■ Collected material

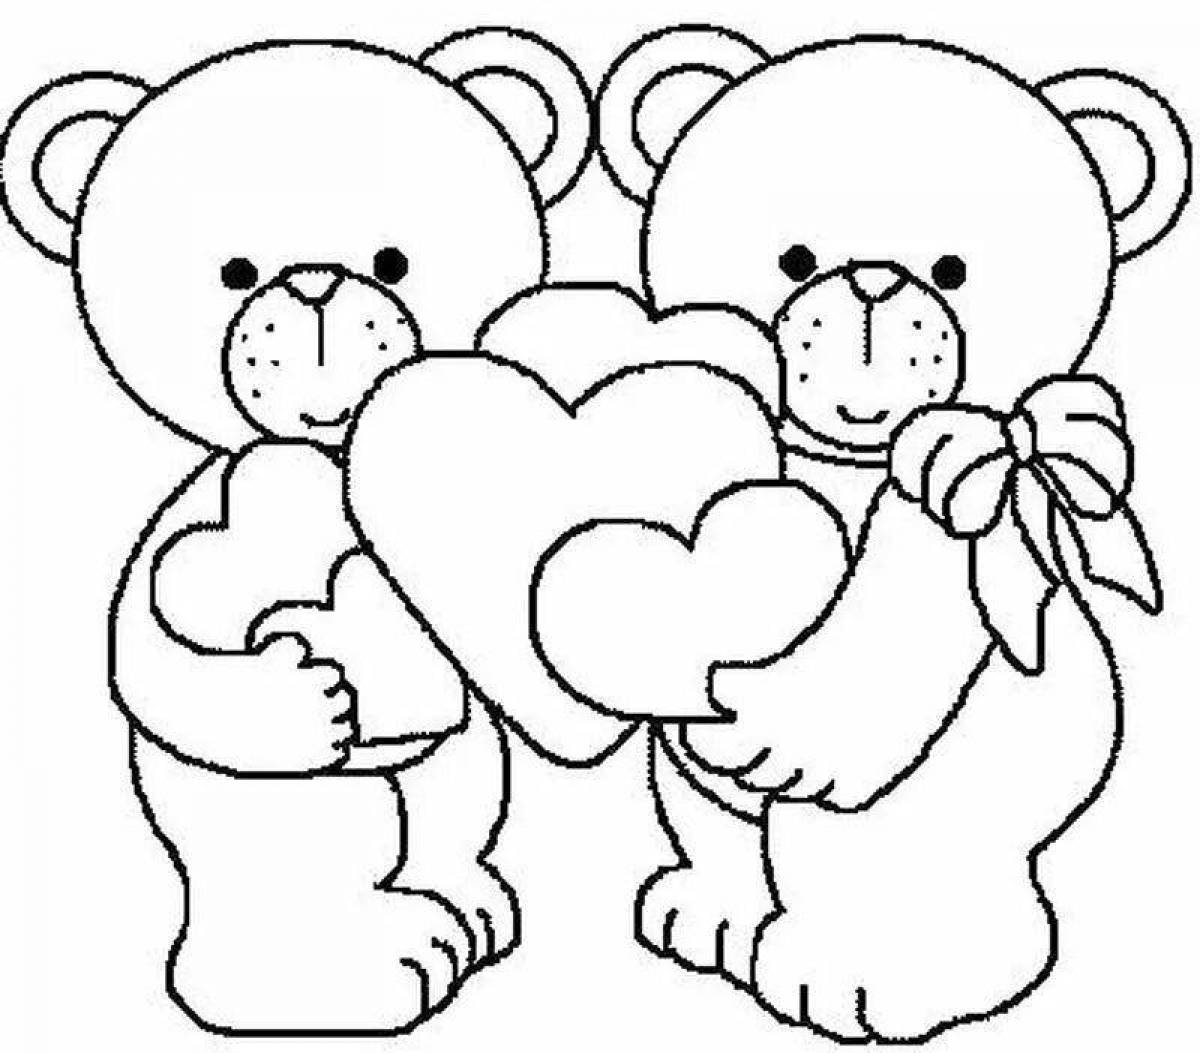 Coloring book brave bear with a heart
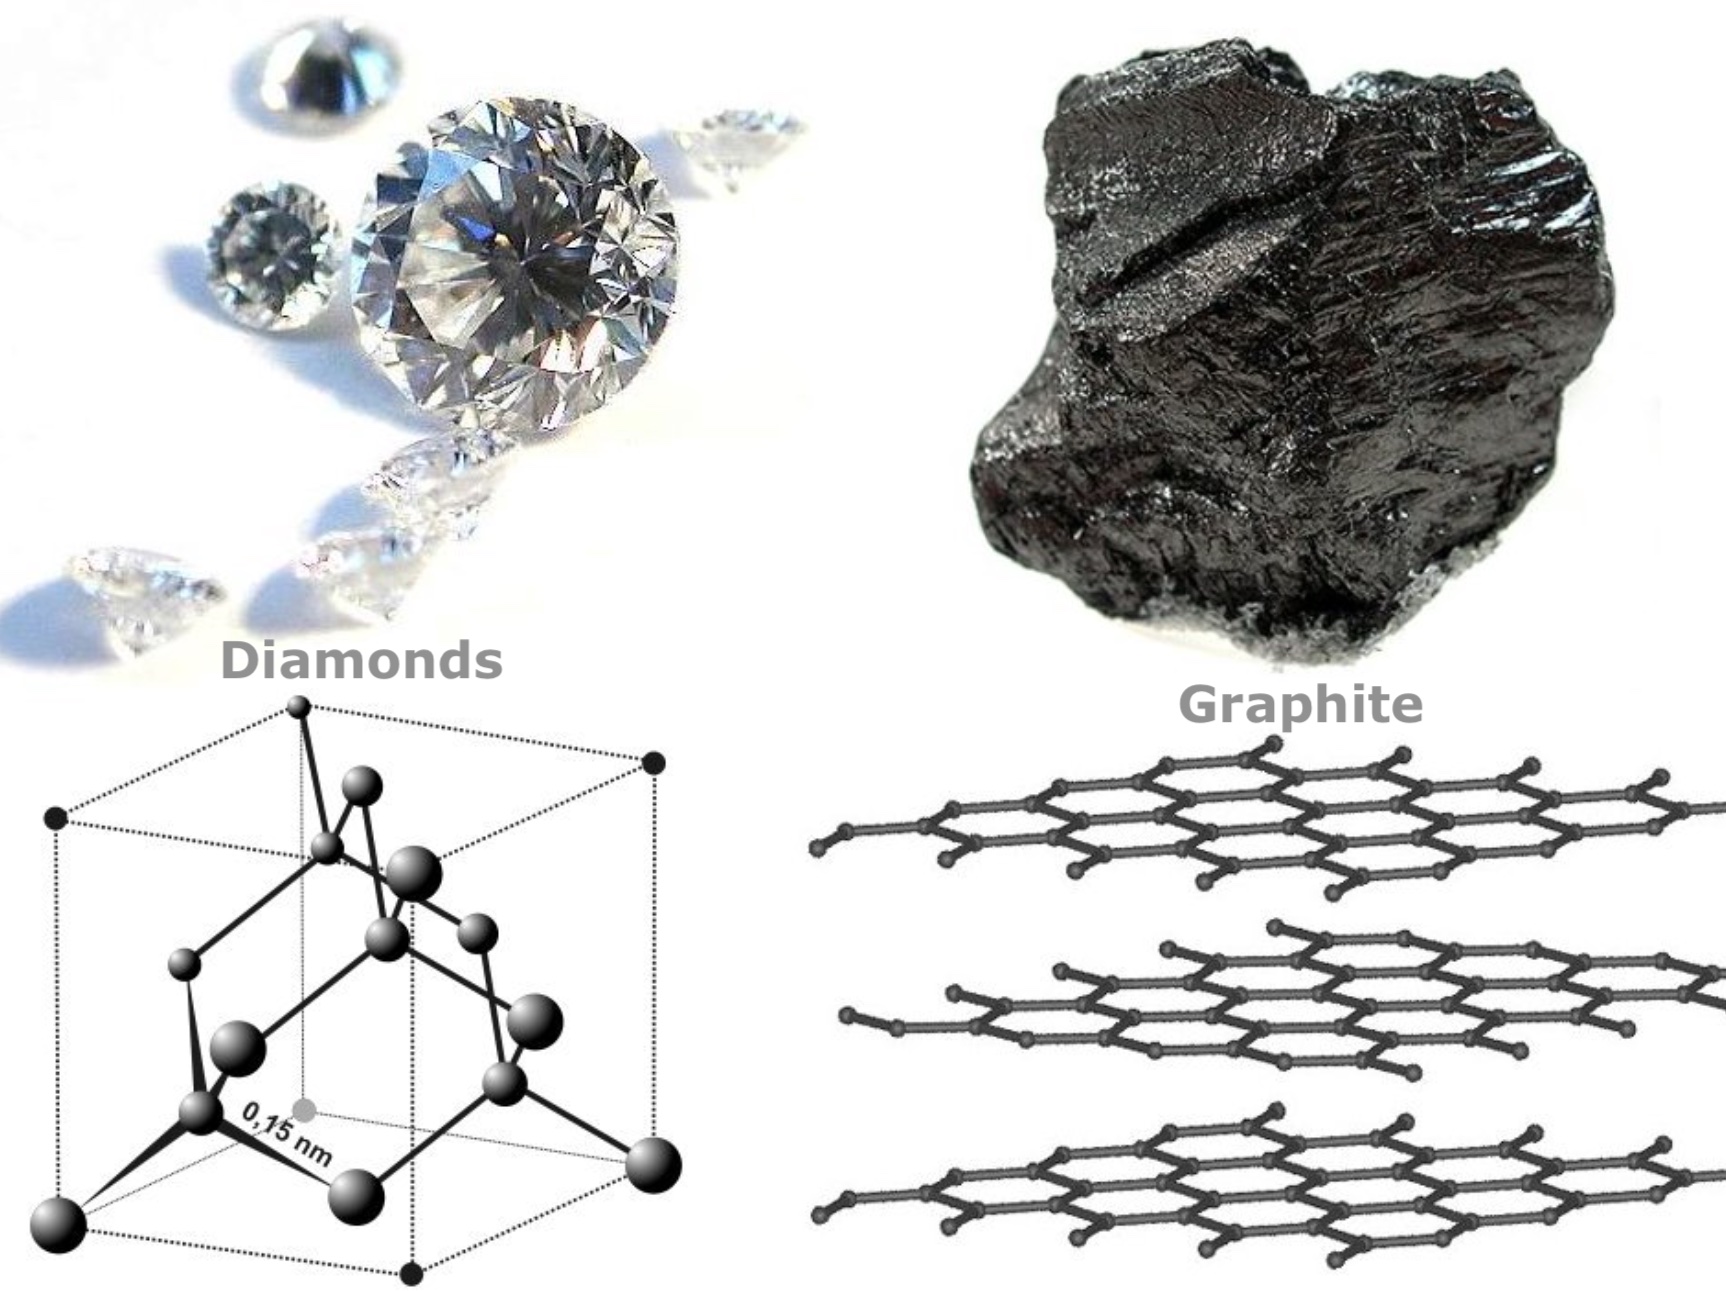 Chrystalline structure of diamonds and graphite
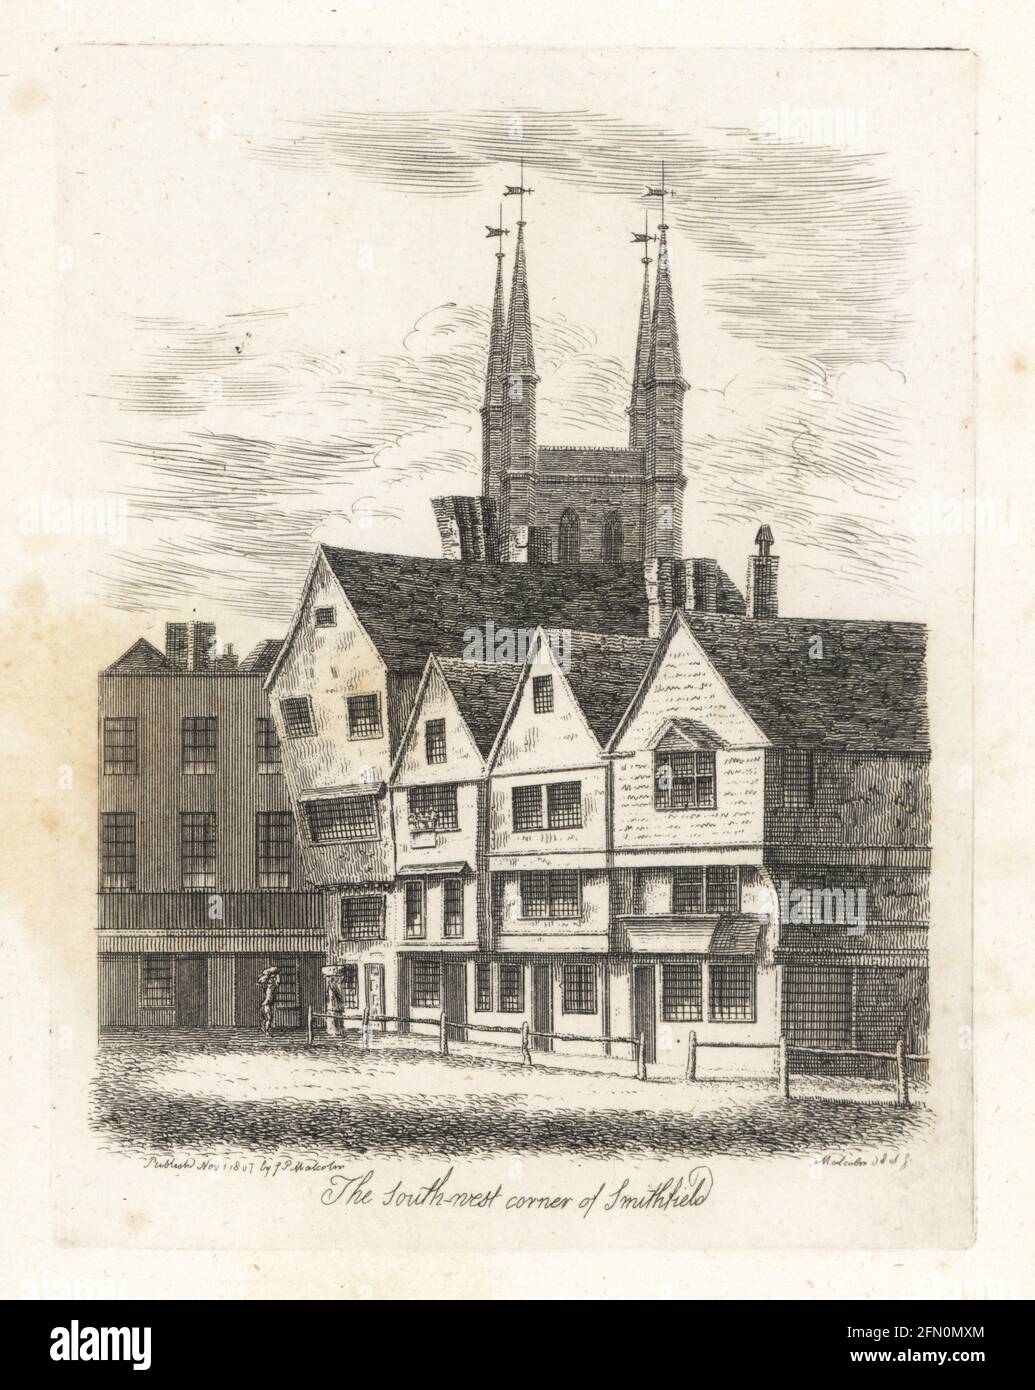 View of the south-west corner of Smithfield livestock market, London, 1807. 17th century gabled timber framed buildings and the tower of St Sepulchre-without-Newgate church. Copperplate drawn and engraved by James Peller Malcolm from his Anecdotes of the Manners and Customs of London during the 18th Century, Longman, Hurst, London, 1808. Malcolm (1767-1815) was an American-English topographer and engraver, Fellow of the Society of Antiquaries. Stock Photo
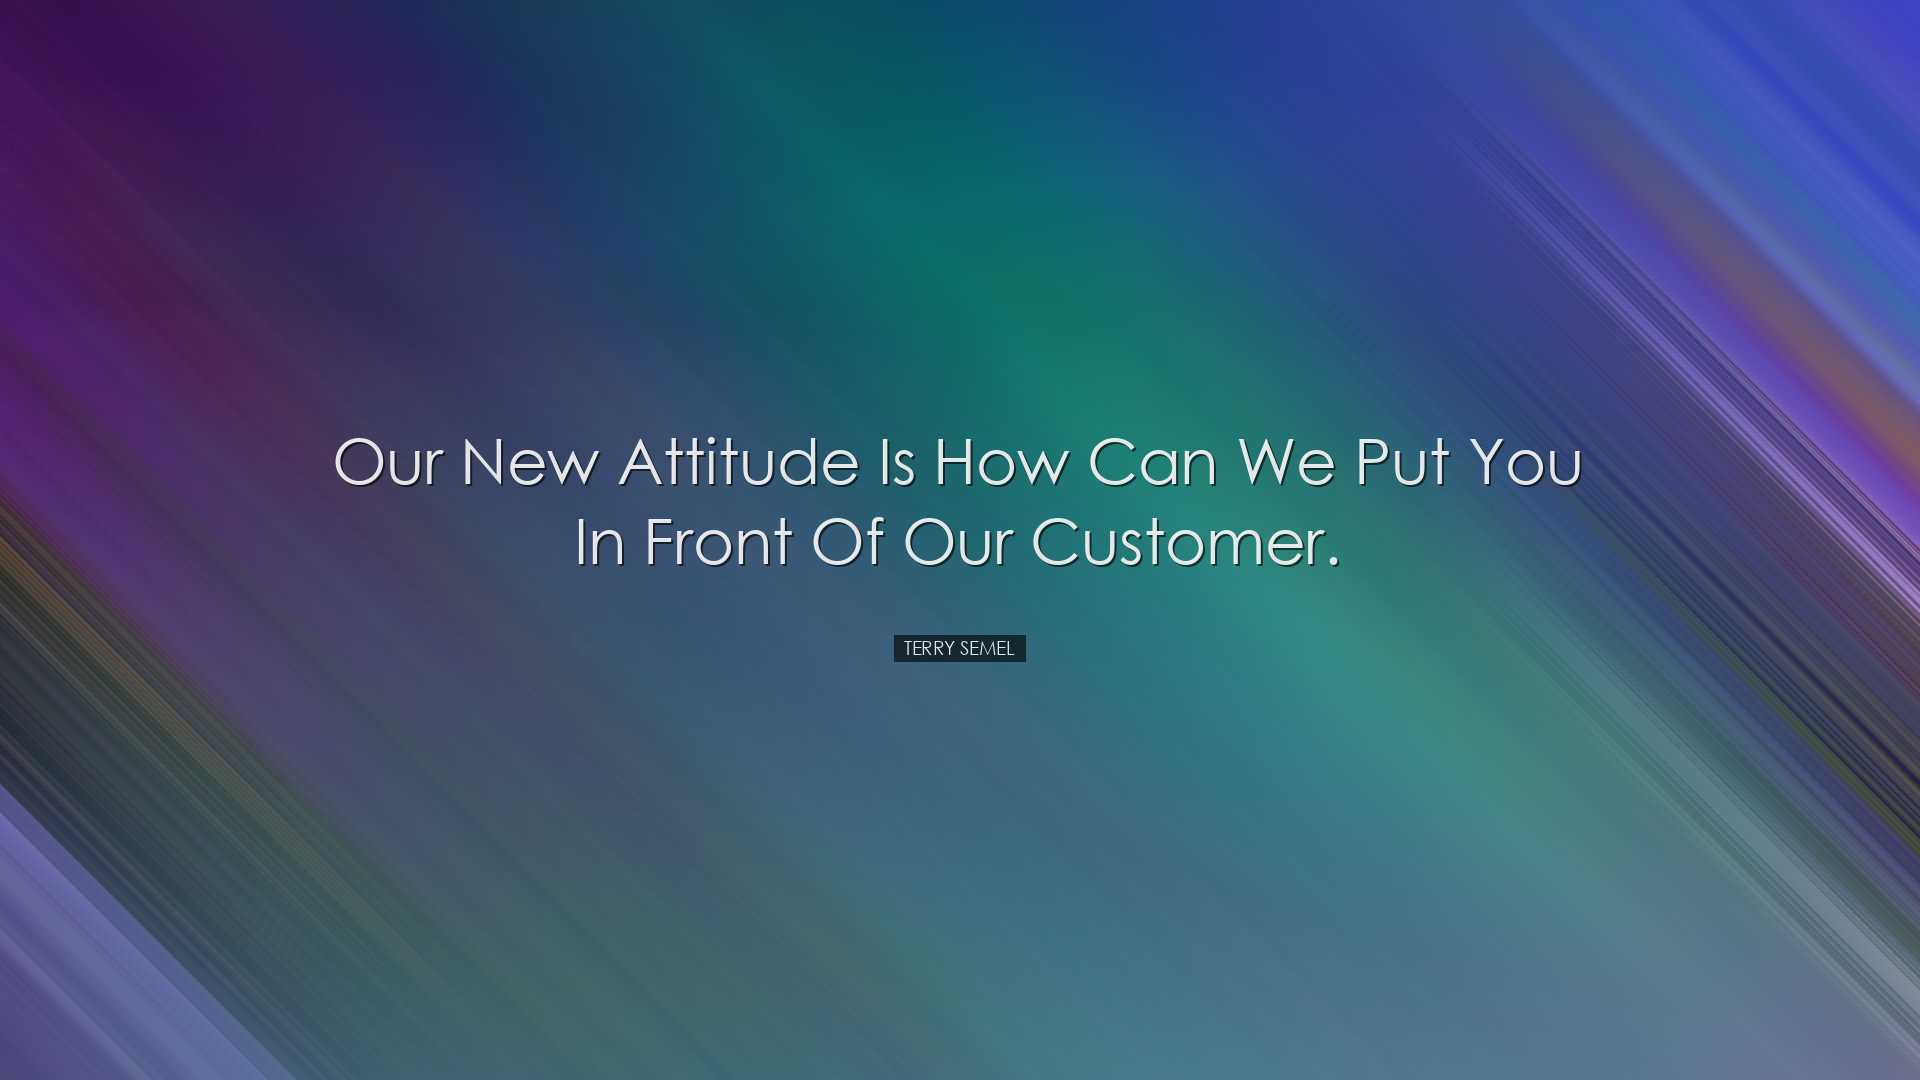 Our new attitude is how can we put you in front of our customer. -

■ Task brief
None of the pictures should be kept; reproduce all the remaining material exactly.

■ Exercise solution
 Coloring book brave bear with a heart
 Chrystalline structure of diamonds and graphite
 View of the south-west corner of Smithfield livestock market, London, 1807. 17th century gabled timber framed buildings and the tower of St Sepulchre-without-Newgate church. Copperplate drawn and engraved by James Peller Malcolm from his Anecdotes of the Manners and Customs of London during the 18th Century, Longman, Hurst, London, 1808. Malcolm (1767-1815) was an American-English topographer and engraver, Fellow of the Society of Antiquaries. Stock Photo
 Our new attitude is how can we put you in front of our customer. -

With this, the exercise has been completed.